SEQUENCE PROTEIN ANALYSIS

With the hemagglutinin-esterase sequence, which corresponds with Bovine coronavirus (PP33468) we make a BLAST against Swissprot database, to find more sequences similar to this. Most of the sequences that we have found had an e-value of 0.0. These sequences have the same protein with a few differences (punctual mutations) and others are hemagglutinin-esterase from other viruses like influenza or murine hepatitis virus. When we arrive to e-values of approximately 5.5, there begin to appear some proteins that are not related with hemagglutinin-esterase, like Phenylalanyl-tRNA synthetase.

We selected hemagglutinin-esterase sequences from random organisms; to choose the sequences we use the ones with lower e-value, and we completed this selection with more viruses from a virus sequences database.
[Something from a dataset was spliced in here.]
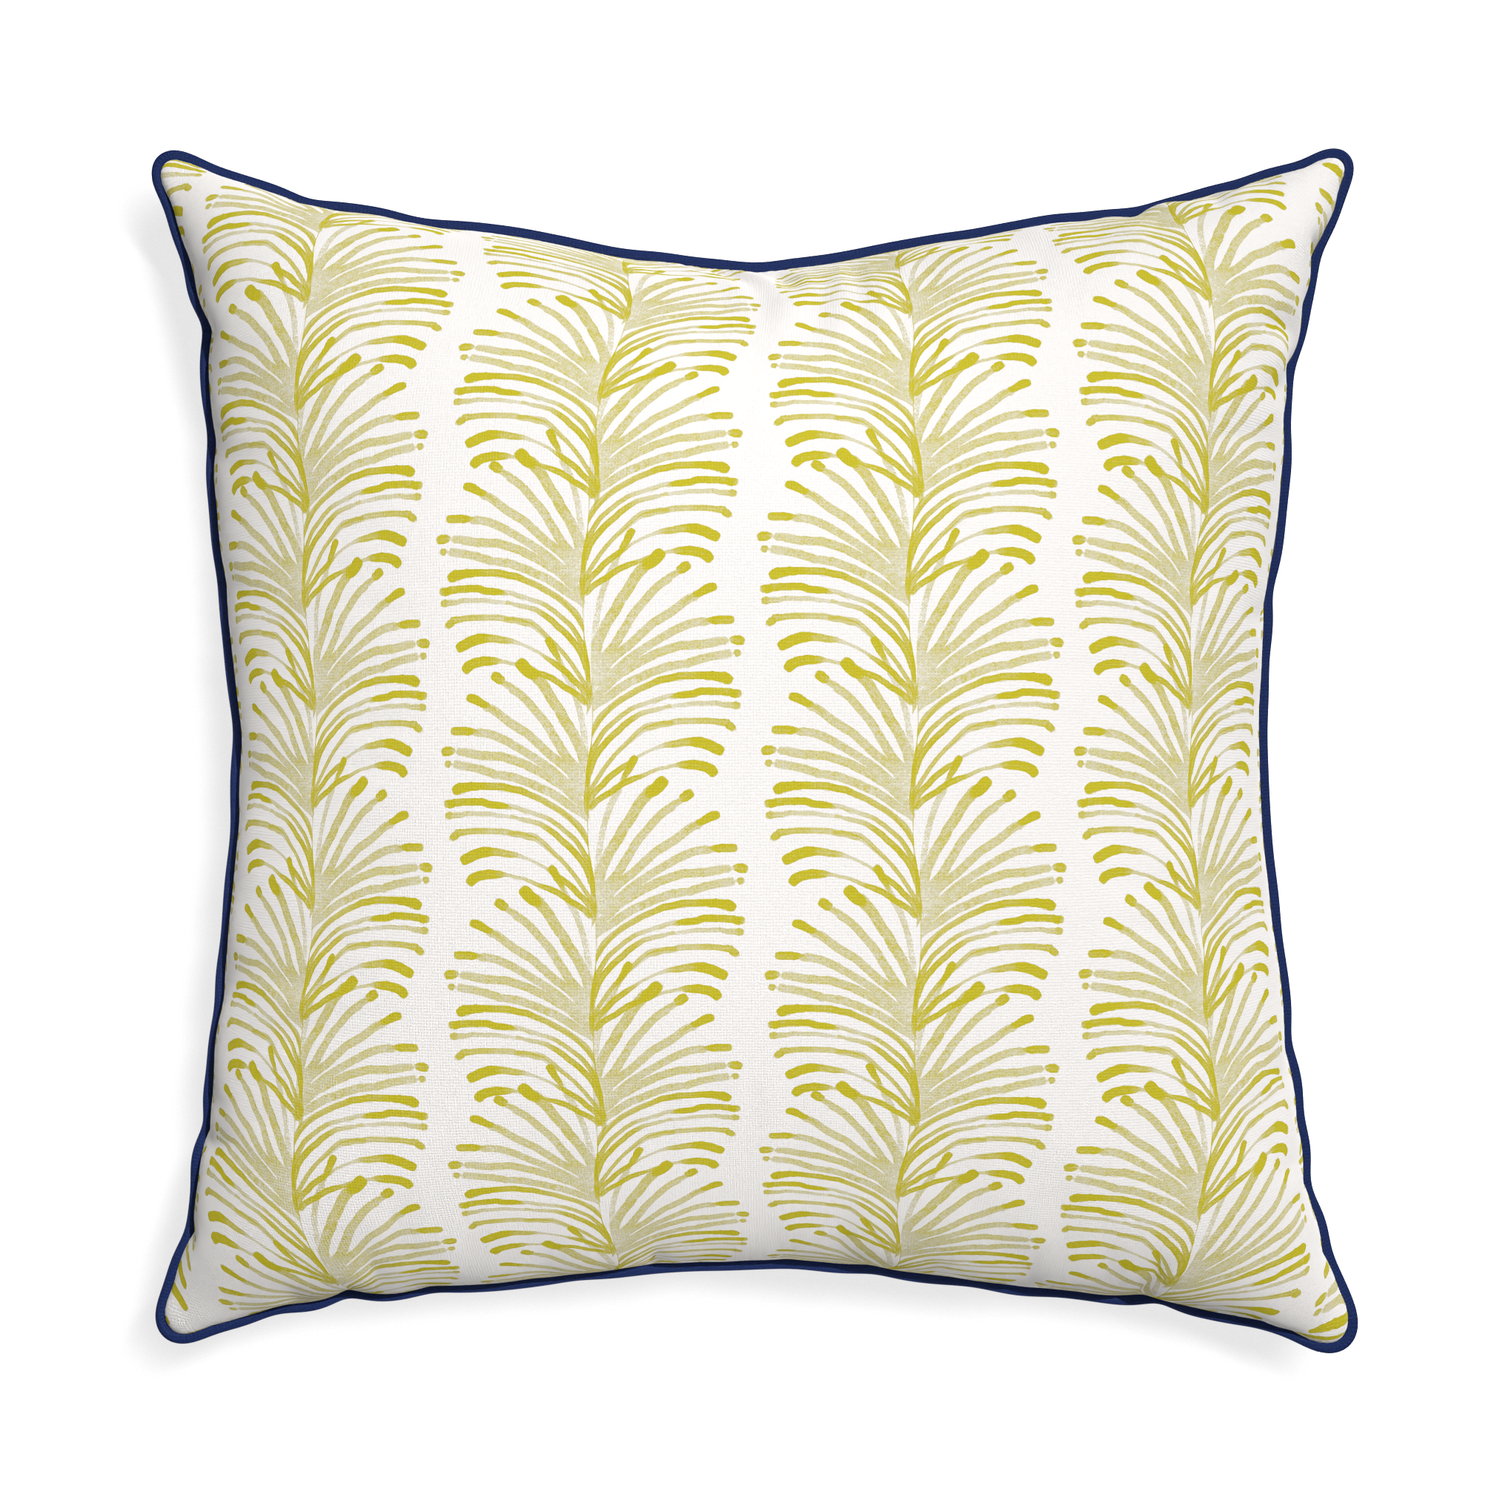 Euro-sham emma chartreuse custom yellow stripe chartreusepillow with midnight piping on white background

After, we ran ClustalW to observe these sequences aligned.

In the alignement we can appreciate that influenza’s sequence is the longest and it contains some domains, that only appears in this protein:

(184)-NCNNSFLK- (193), which corresponds to N-glycosilation signal.

C-terminal end contains other glycosilation signals, and other domains, like phosphorylation sites.
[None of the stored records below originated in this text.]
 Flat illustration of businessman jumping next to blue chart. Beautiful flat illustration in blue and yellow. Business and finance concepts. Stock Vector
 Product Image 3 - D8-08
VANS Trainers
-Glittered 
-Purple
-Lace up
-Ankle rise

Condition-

Berne virus and one of the Murine hepatitis viruses are the shortest, but all of them are practically 100% aligned.

When we analyze the protein domains using different database, we found differences between the results:

In Pfam, we only found one functional domain; it corresponds to hemagglutinin-esterase, which position is near N-terminal end, from approximately the 20-30th to 460th aminoacid position in Coronaviridae family and longer for influenza.

In Prodom database, we found multiple domains that group together. They occupy the same aminoacid position as hemagglutinin-esterase in P-fam. The majority of these domains are glycosilation signals, and some of them are specific for a sequence, like Influenza or Bovine coronavirus’ domains.

After we analyze the information obtained in the database, we hypothesize that our protein contain 420-430 aminoacids approximately, but in influenza it’s longer. In its N-terminal end, it has a signal peptide; maybe this function is to indicate that this portien must be expressed in membrane. Very near to this signal peptide we found the functional domain and a transmembrane region.

We can appreciate too, a lot of N-glycosilation signals, inside and outside of the functional domain. These glycosilations are responsible for the hard molecular weight of our glycoprotein (47709Da approximately)

When we study our sequences running Blocks, we didn’t find any motifs. But when we searched the conserved domain of this family protein in the database of Blocks, we found 8 different motifs. We studied them with Prosite, and we found that the second one didn’t have any function, the others are Casein and Tyrosin kinase phosphorylation sites and N-glycosilation or myristoylation sites; this strengthens the information that we obtained from studied domains, where we found a lot of N-glycosilation signals. These motifs aren’t completely maintained, but they have a correlation with regular expressions that characterizes these signals.

Besides, the function that we obtained for these motifs are very usual, so its possible, that these aren’t really. When we analyze the aminoacid structure of Influenza, we found that some of this motifs are conserved, this strengthens that they are really, but we cannot say the same in all case.